Quick recap: SVM metasets are a group of disks (usually from a SAN) that have their own meta state databases. They grew out of Sun Cluster as a way to share storage between cluster nodes, using SVM, and have since become a really handy way of managing SAN volumes.

Anyway, Solaris 9 4/04 introduced the ability to have ‘autotake’ metasets. Basically, one host was the master, and it could automatically import and manage the metaset on boot. This was great, because it finally swept aside the last baggage of Sun Cluster, and meant you could have your metasets referenced in /etc/vfstab and mount them at boot – just like real disks.

And there was much rejoicing across the land.

In this particular case, there was a host running Solaris 9 (for client software reasons) which had many terabytes of SAN LUNs mounted as metasets.

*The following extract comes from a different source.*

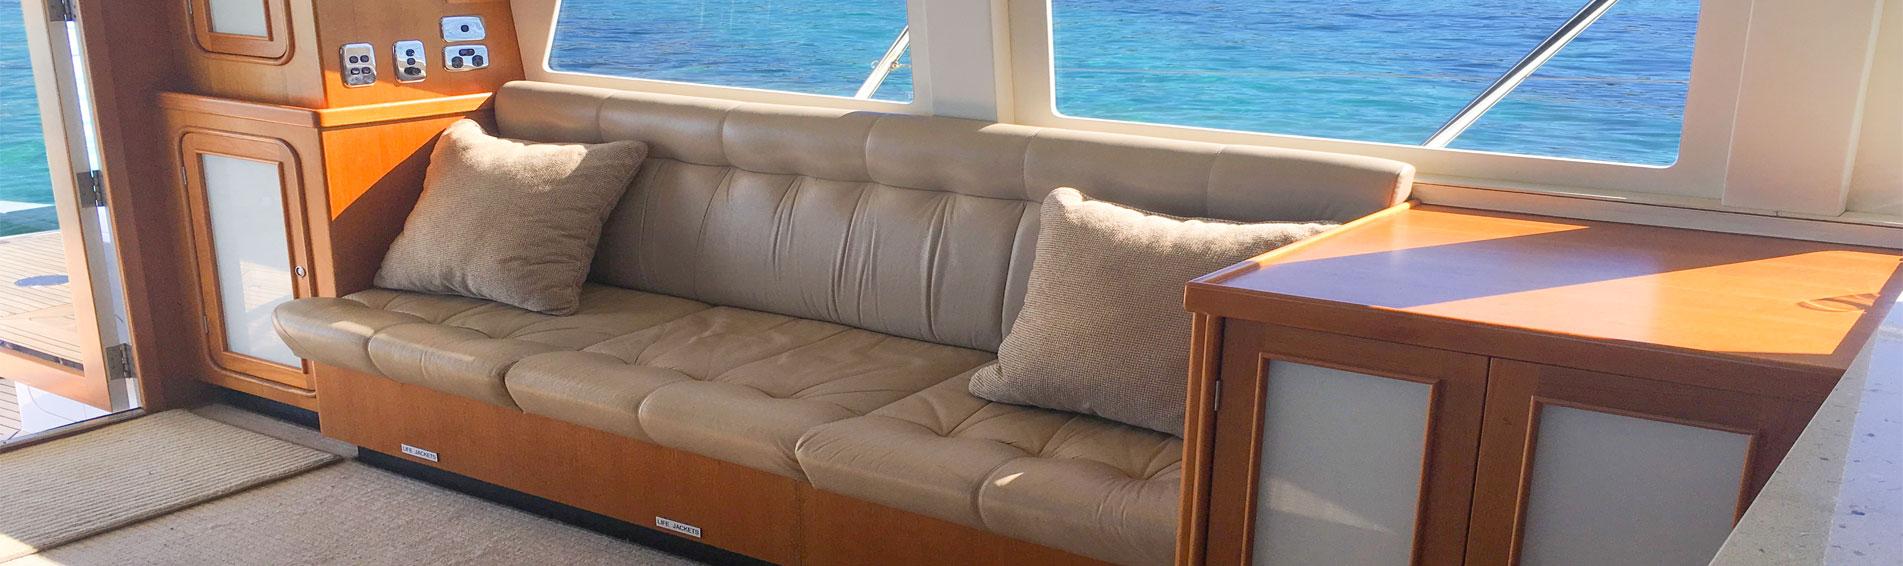 TENACIOUS-interior-cabin-luxury-boat-charters-perth-wa

I say had because when it rebooted, the machine said it couldn’t autotake the disk set because it wasn’t the owner, before dropping to single user mode complaining it couldn’t check any of the filesystems.

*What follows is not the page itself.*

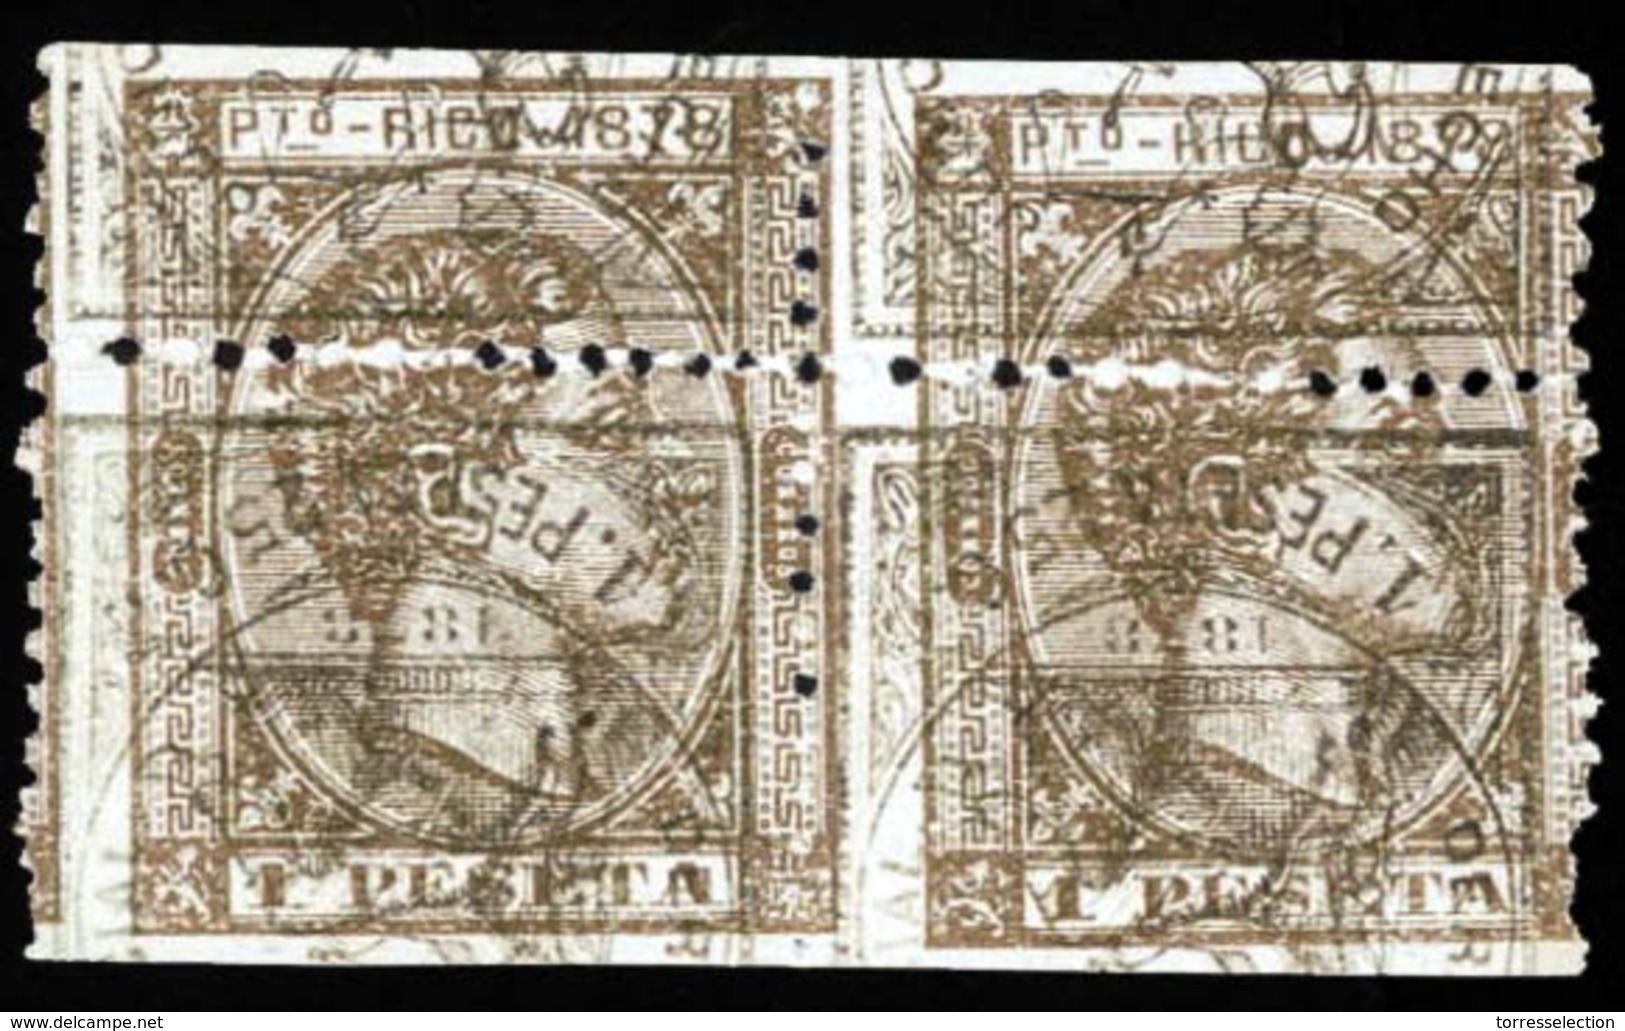 PUERTO RICO. PRUEBA. Bloque De 2. 1pta Castaño Bronce Sobre Impresión De España De 1878 De Derecho Judicial 1 Pta 25c, I - Puerto Rico

Odd. A quick check from single user mode, and yes indeed – the metaset was configured for autotake, but the host wasn’t the owner. Comment the (many) filesystems out of /etc/vfstab, continue the boot, and check again once at run level 3. Hang on – now the host is the metaset owner.

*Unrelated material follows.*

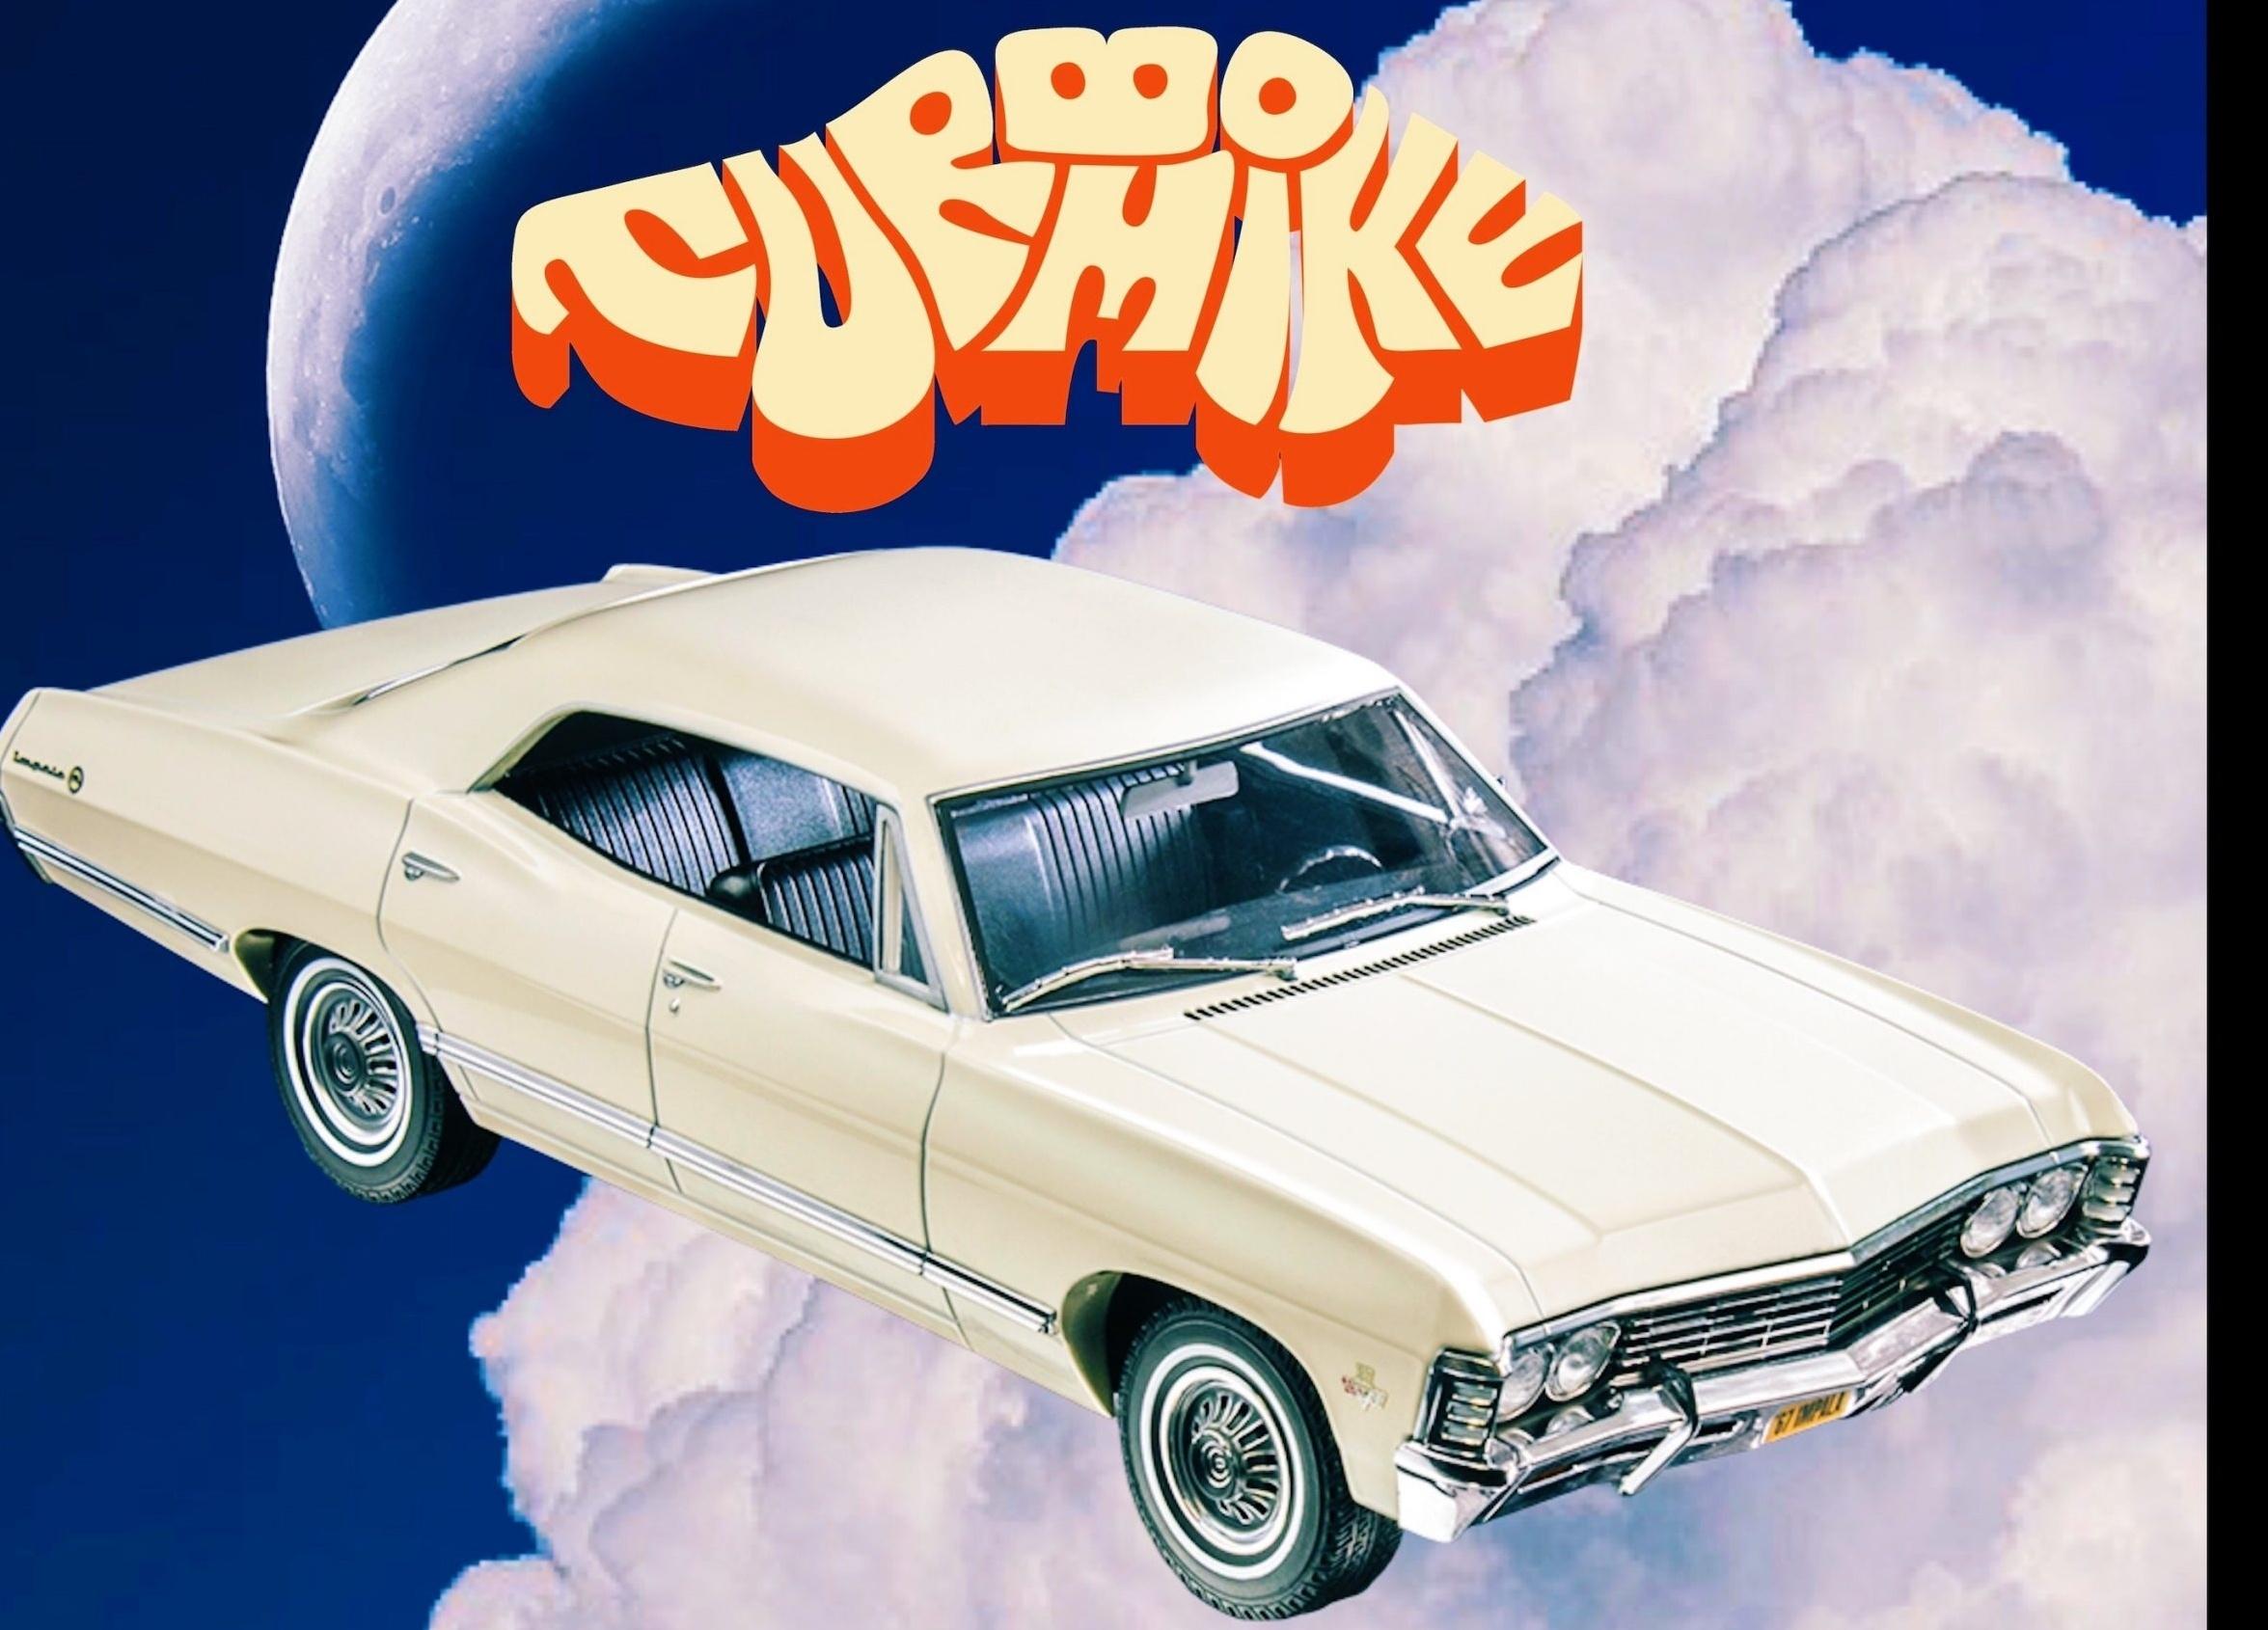 Turbomike lanza su primer single homónimo

Whisky Tango Foxtrot, over. A quick Google threw up far too many suggestions to hack the startup scripts so that the SVM daemons start before the filesystem mounts. Not a great idea.

A very quick dig through Sunsolve turned up Sun BugID 6276747 – “Auto-take fails to work with fabric disks”
Turns out that this is an issue with the Solaris 9 SAN Foundation Suite, and how the kernel initialises SAN fabric LUNs, as opposed to FC-AL LUNs.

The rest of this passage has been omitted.